Take a look at those brand new sneakers you unwrapped last week: do they inspire images of running up a stone stairway Rocky Balboa style? It seems after shovelfuls of turkey and frosty sugar cookies, 2014 will be the year to get healthy, just like the year before … and probably the year before that, too.

Statistics have long shown that resolutions get left by the wayside mere weeks into the New Year, including one that continues to be at the top of the list each year: losing weight. Even in the still-dodgy economy, fitness goals made by 51 per cent of Canadians beat financial objectives (in second place at 31 per cent) in 2013, according to the BMO Wealth Institute.

Those two pledges also beat out contenders like improving love life, volunteering, learning and career changes, yet only 42 per cent of Canadians reported keeping their fitness goals in the past.

This begs the question: When the numbers show little substance (19 per cent of Canadians kept their resolutions for 24 hours last year according to the Toronto Star), is it worth it to even try aiming for that most popular of pledges?

When it comes to getting healthy, Woolwich Community Health Centre fitness coordinator Laurie Buehler says, why not give it a try?

“It’s a perfect time to set a resolution and it’s important because everyone wants to be healthy.”

The key, it seems, is to focus on follow-through. The first thing to do is to put it in writing.

“Write down the goal and make sure it’s specific and attainable, not ‘I want to lose 100 pounds in a week.’ It has to an attainable goal.

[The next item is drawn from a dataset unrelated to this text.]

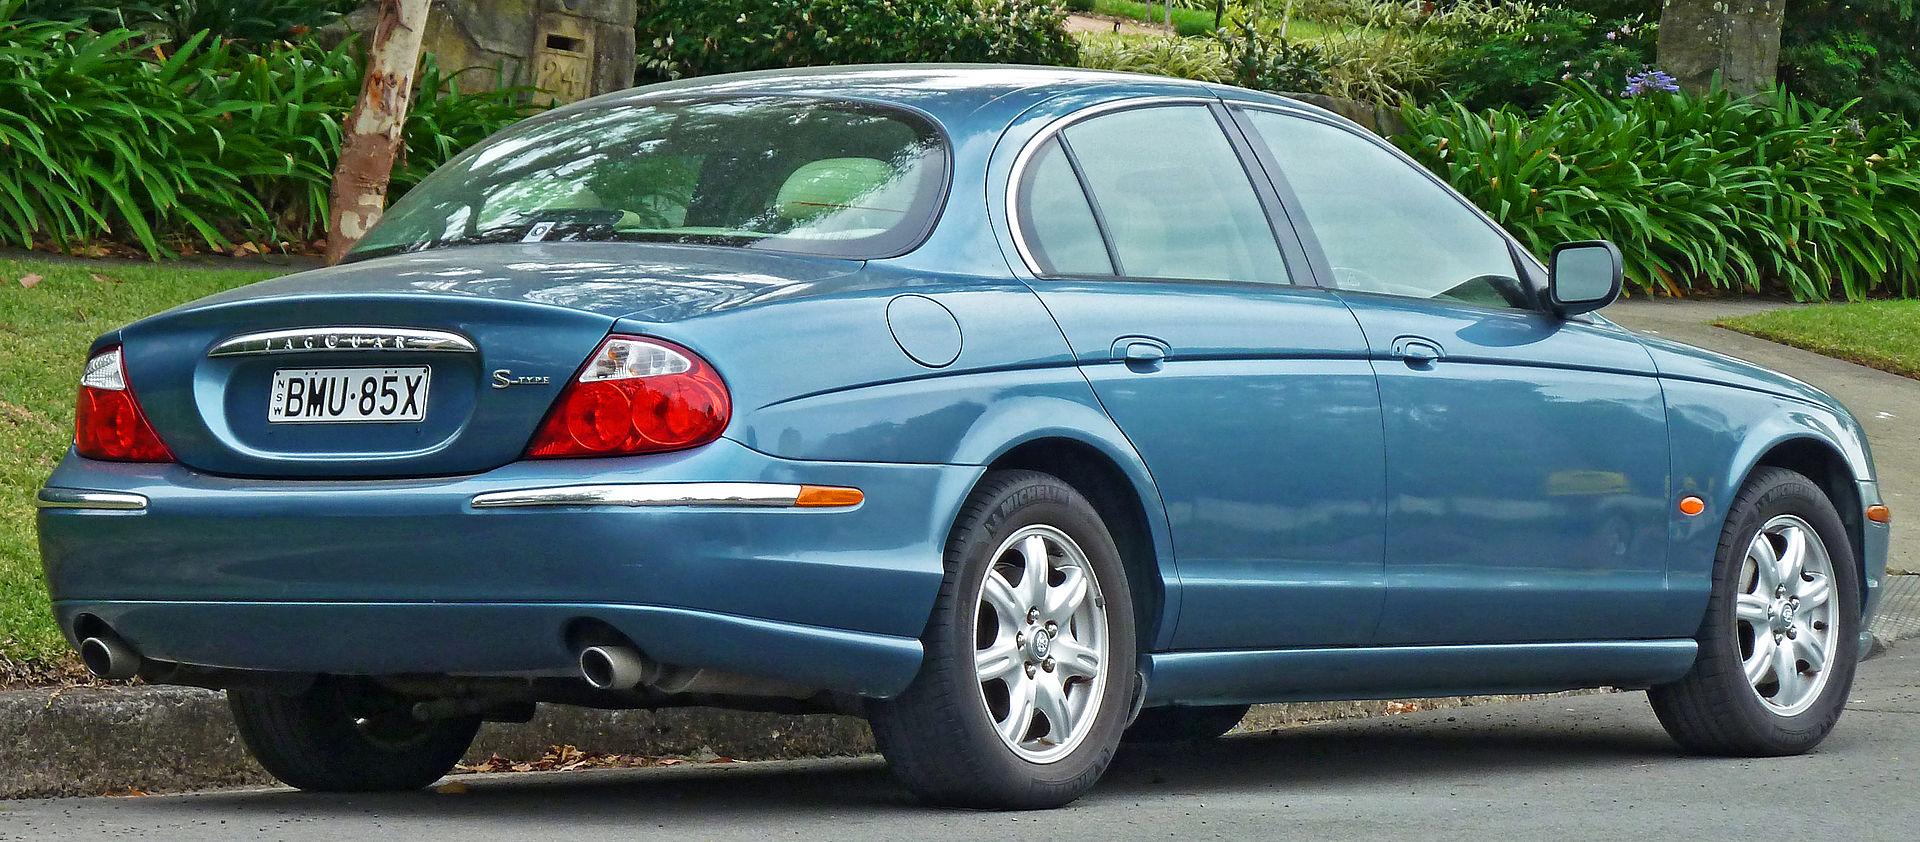 Jaguar S-Type I Restyling 2004 - 2008 Sedan #7

Put it in writing and maybe post it somewhere where you’ll look every day, like the fridge or the mirror; that really reinforces it,” Buehler said.

The popular resolution touches many Canadians in the community, perhaps why it is so widely accepted as a goal and contrarily, why unrealistic goals can lead to a dead-end.

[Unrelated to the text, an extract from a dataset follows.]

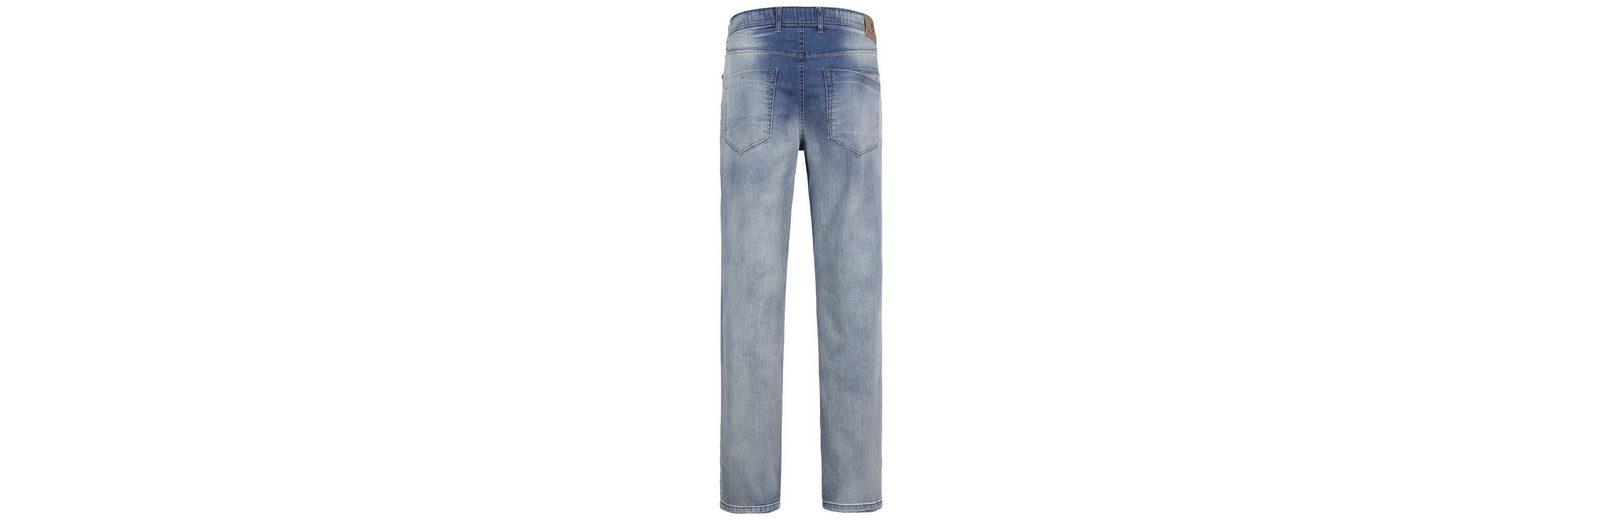 Jan Vanderstorm 5-Pocket-Jeans THYRON Bester Ort whiljaMke

Statistics Canada shows a gradual increase in overall self-reported obesity in Canada, with numbers rising from 12,389,673 overweight and obese Canadians aged 18 and over in 2008 to 13,099,396 in 2010 and 13,485,120 in 2013.

The least obese group seems to be women aged 18-19, from which 82,185 reported being obese or overweight last year compared to their male counterparts at 106,684. Men and women aged 55-64 had the highest numbers, with 3,213,664 self-reported overweight men and 2,410,701 women.

Overall, with health on many a person’s mind, says Buehler, making health-related resolutions is a good idea, it’s the approach that matters and, of course, the follow-through.

“I think New Year’s resolutions are good and bad, but people should try and make small resolutions that are easy to do, that are goal-oriented – to start small, maybe join a class or do something they enjoy. Usually they pick something that they aren’t doing already so that it’s hard to do. I think motivation is a really big part whether it’s from friends or family or co-workers.

“If they are trying to lose weight, there are lots of exercise classes that are being offered just once a week and one hour. We have classes that are very gentle and specific to people with different health conditions.”

The health centre offers eight different classes with flexible rates and free or accommodation services for low-income individuals on a case-by-case basis.